Reproduce precisely the lines of the material below from the line containing "Not Herself: Sheriff" up to and including its last line. Pictures must not be copied.

=== Collected material ===
-.-.-

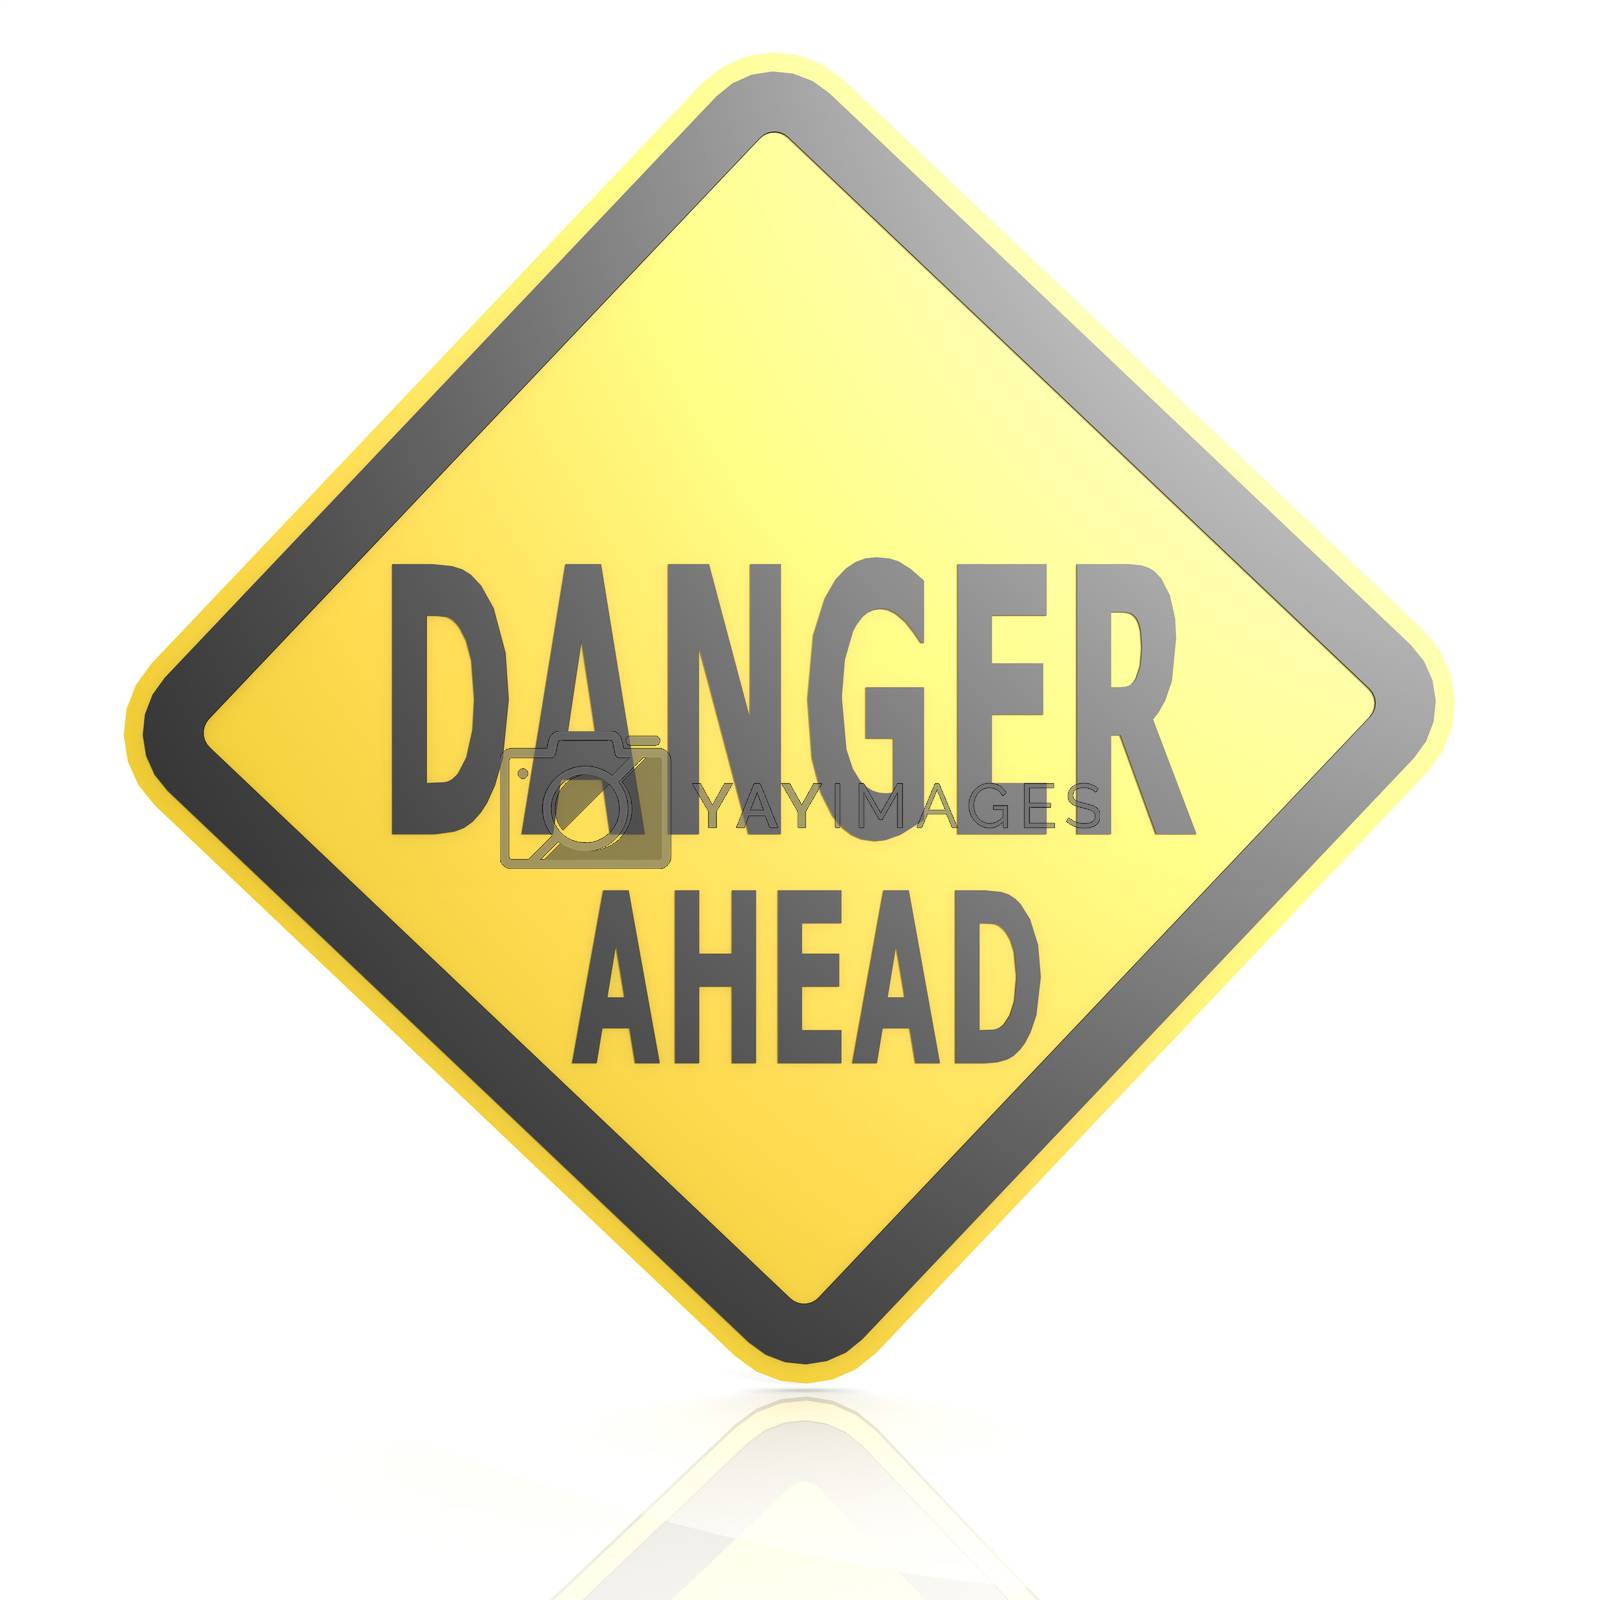 Royalty free image of Danger ahead road sign by tang90246
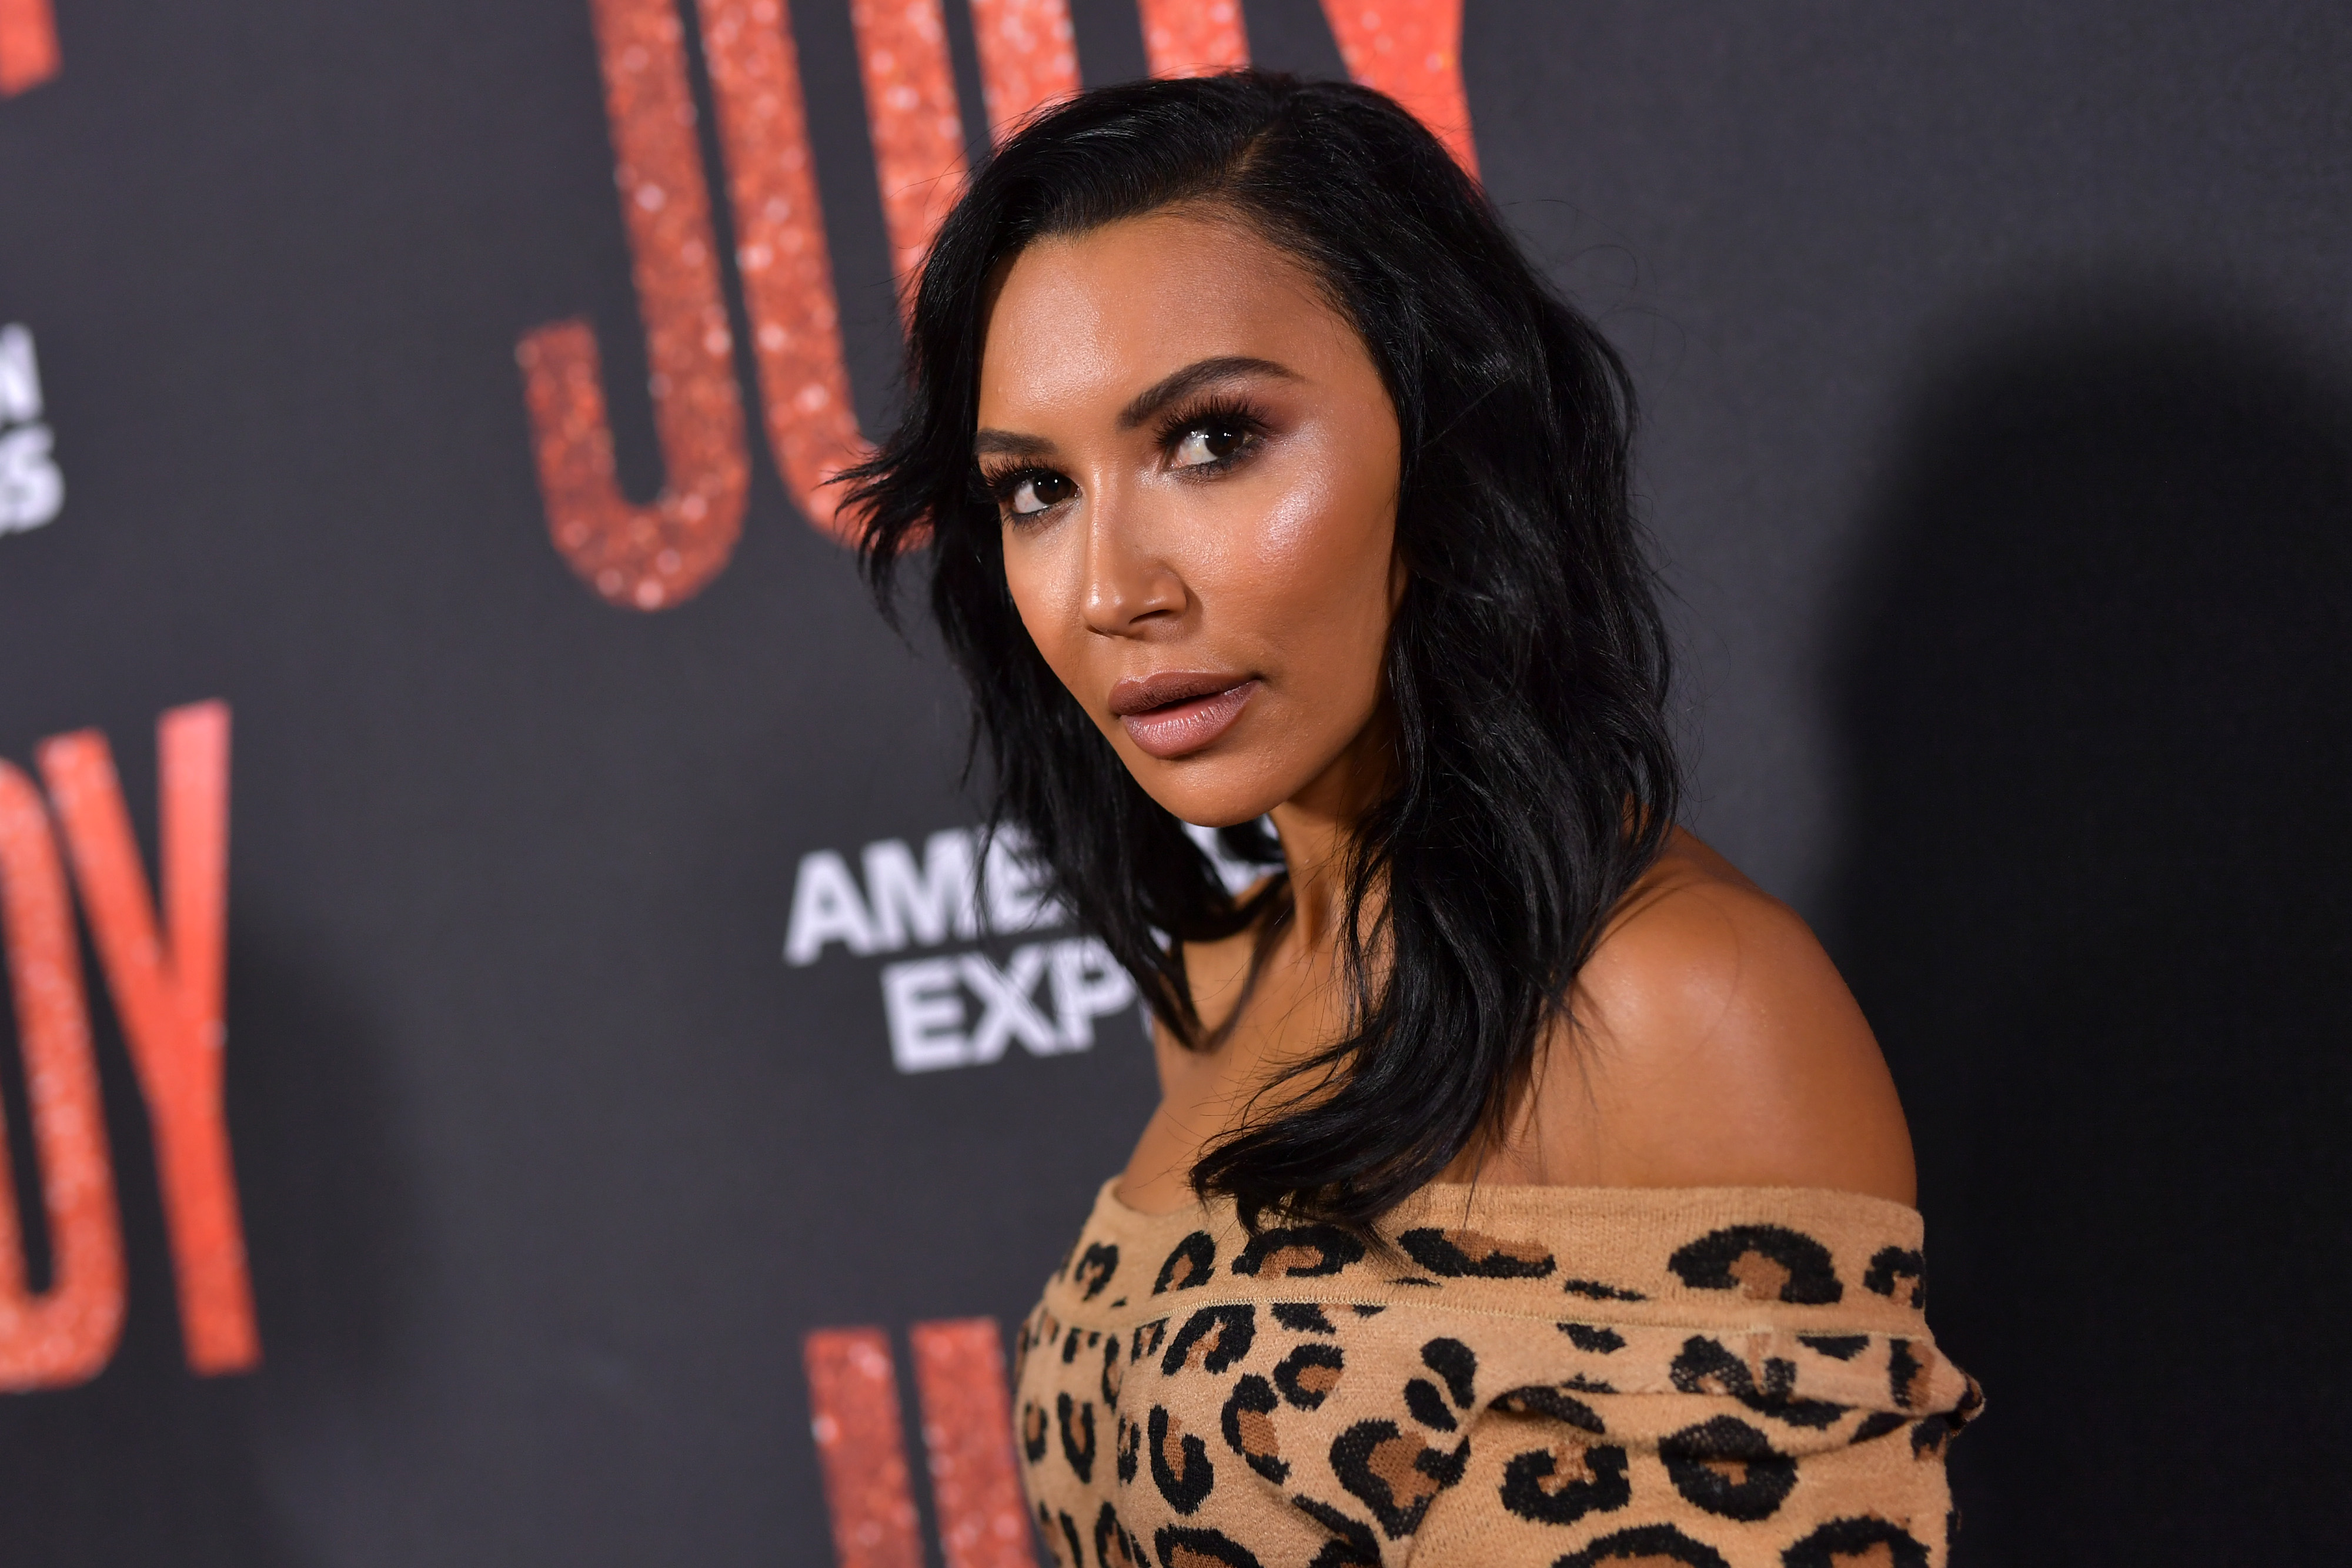 Naya Rivera “Mustered Enough Energy” To Save Son, But Not Herself: Sheriff
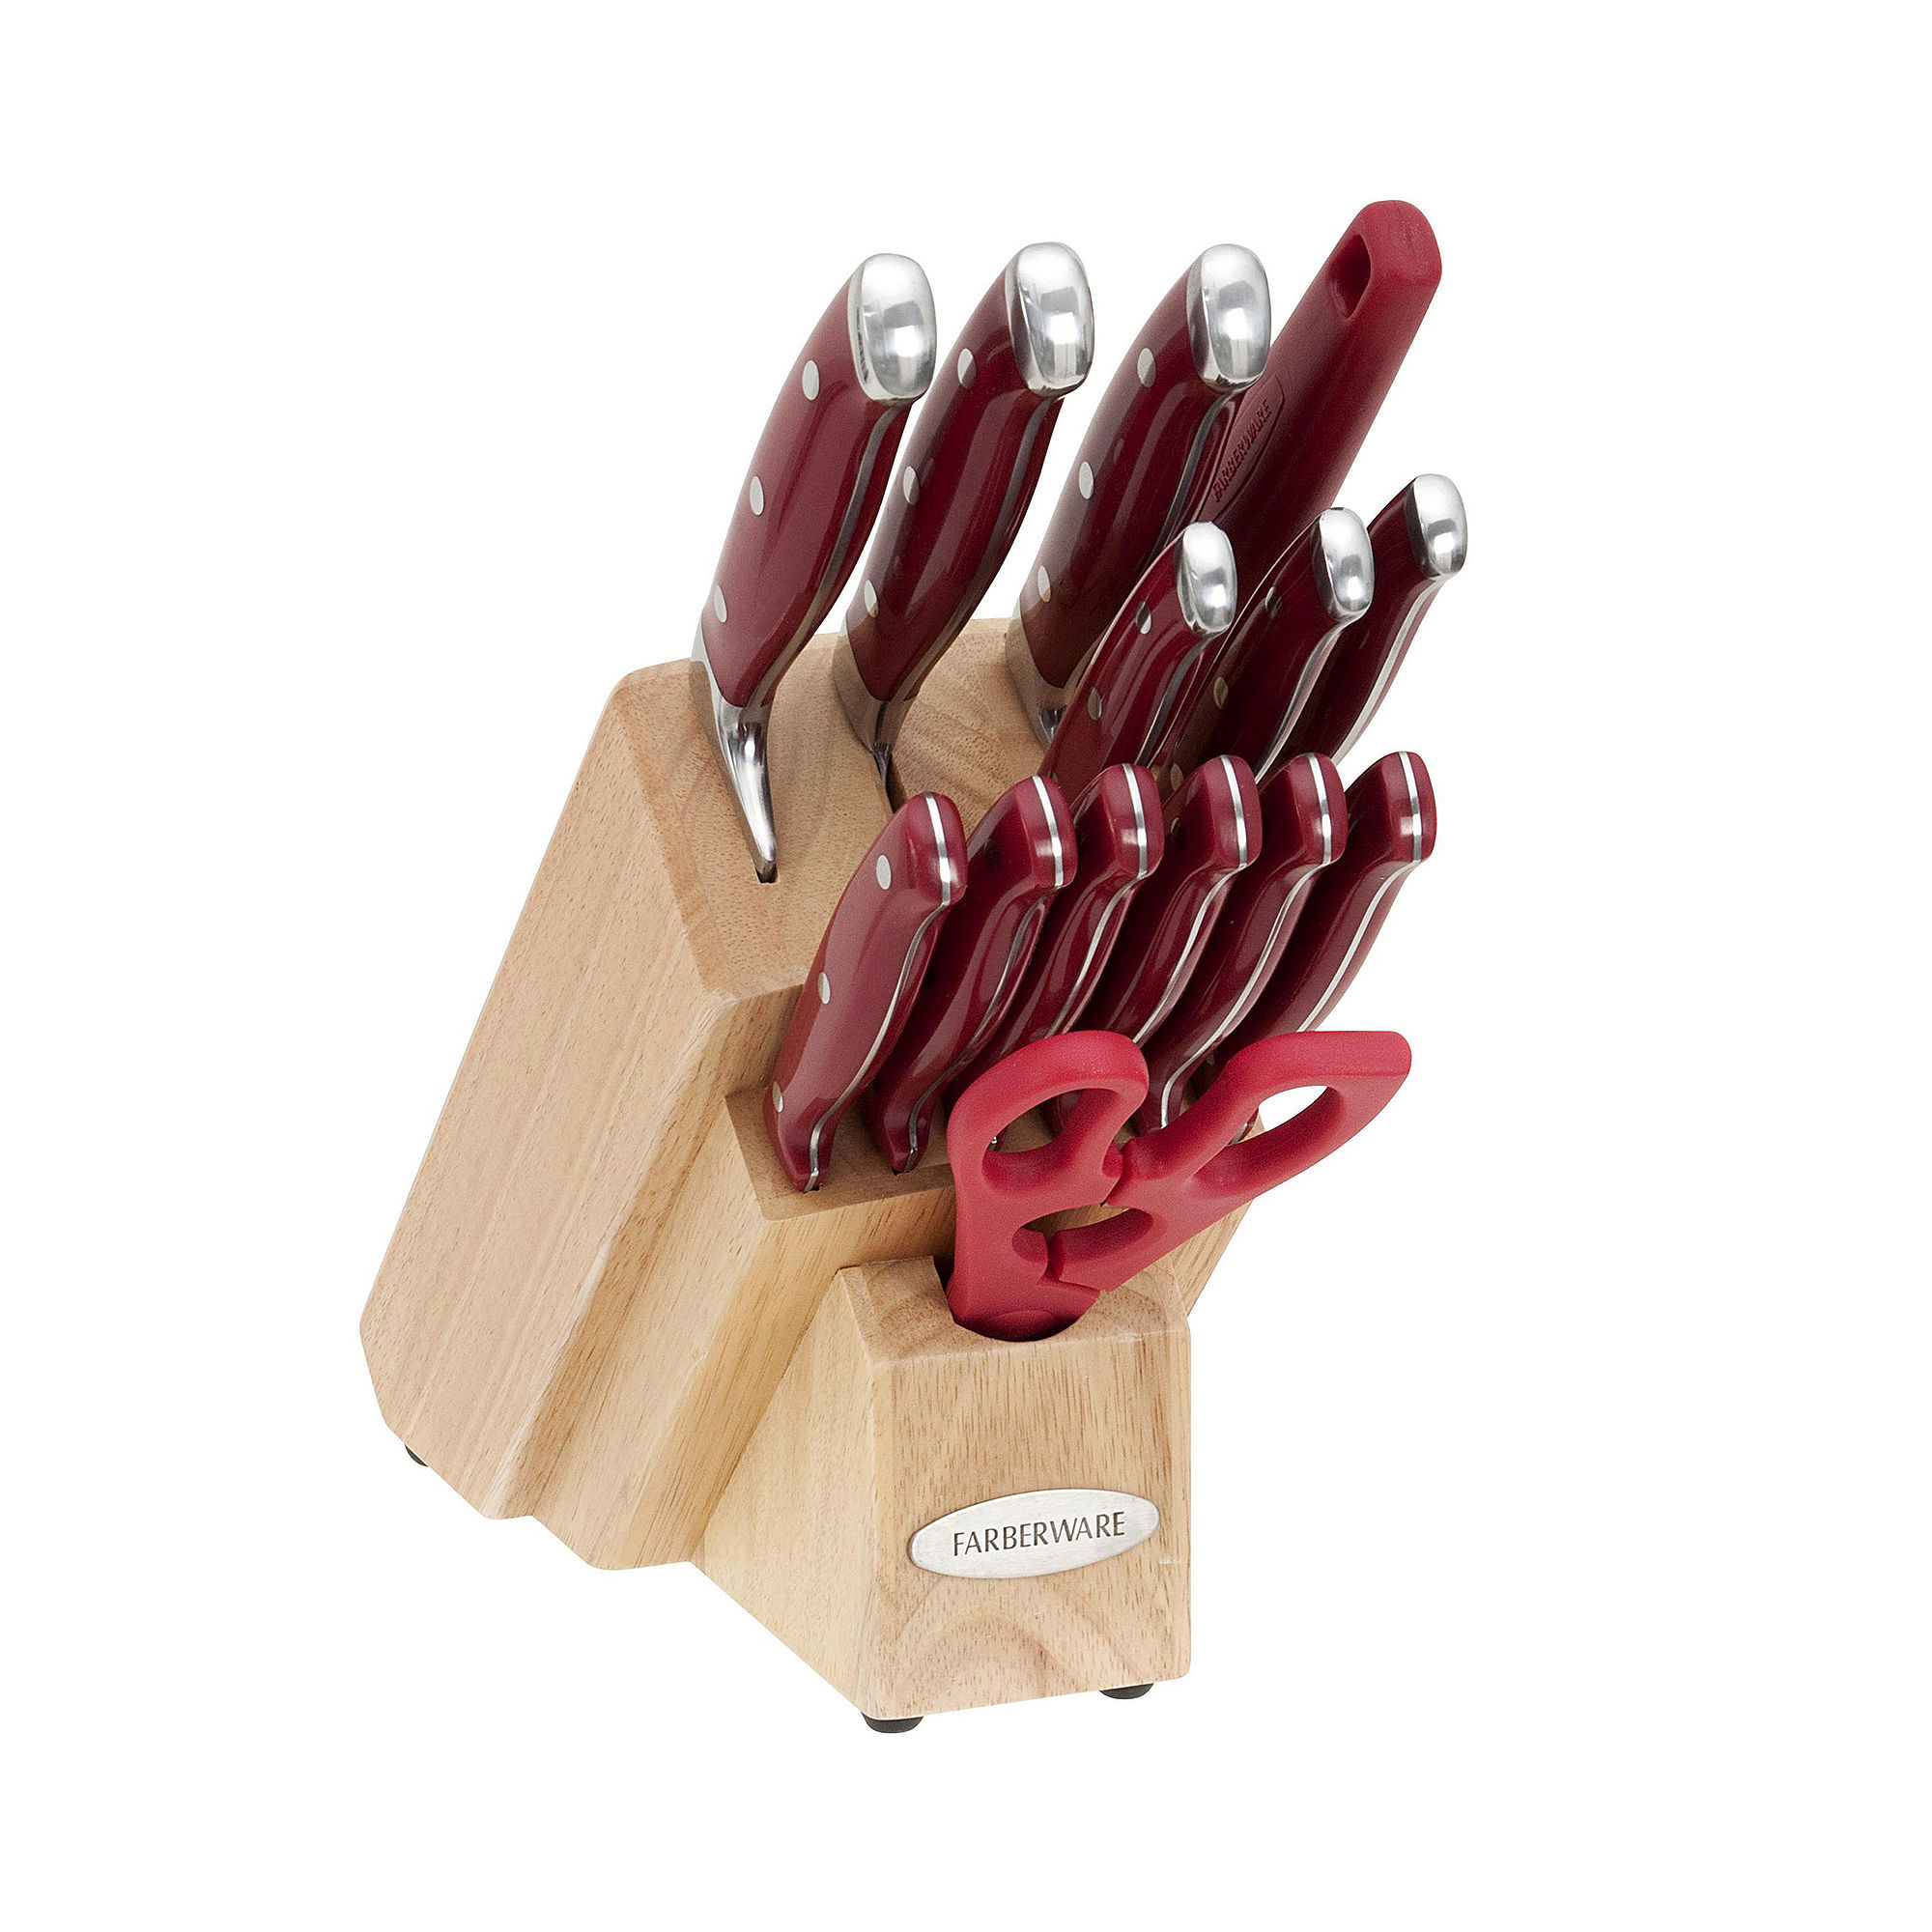 UPC 045908038342 product image for Farberware 15-pc. Red Forged Knife Set | upcitemdb.com

-.-.-

=== Solution for this task ===
 Naya Rivera “Mustered Enough Energy” To Save Son, But Not Herself: Sheriff
 UPC 045908038342 product image for Farberware 15-pc. Red Forged Knife Set | upcitemdb.com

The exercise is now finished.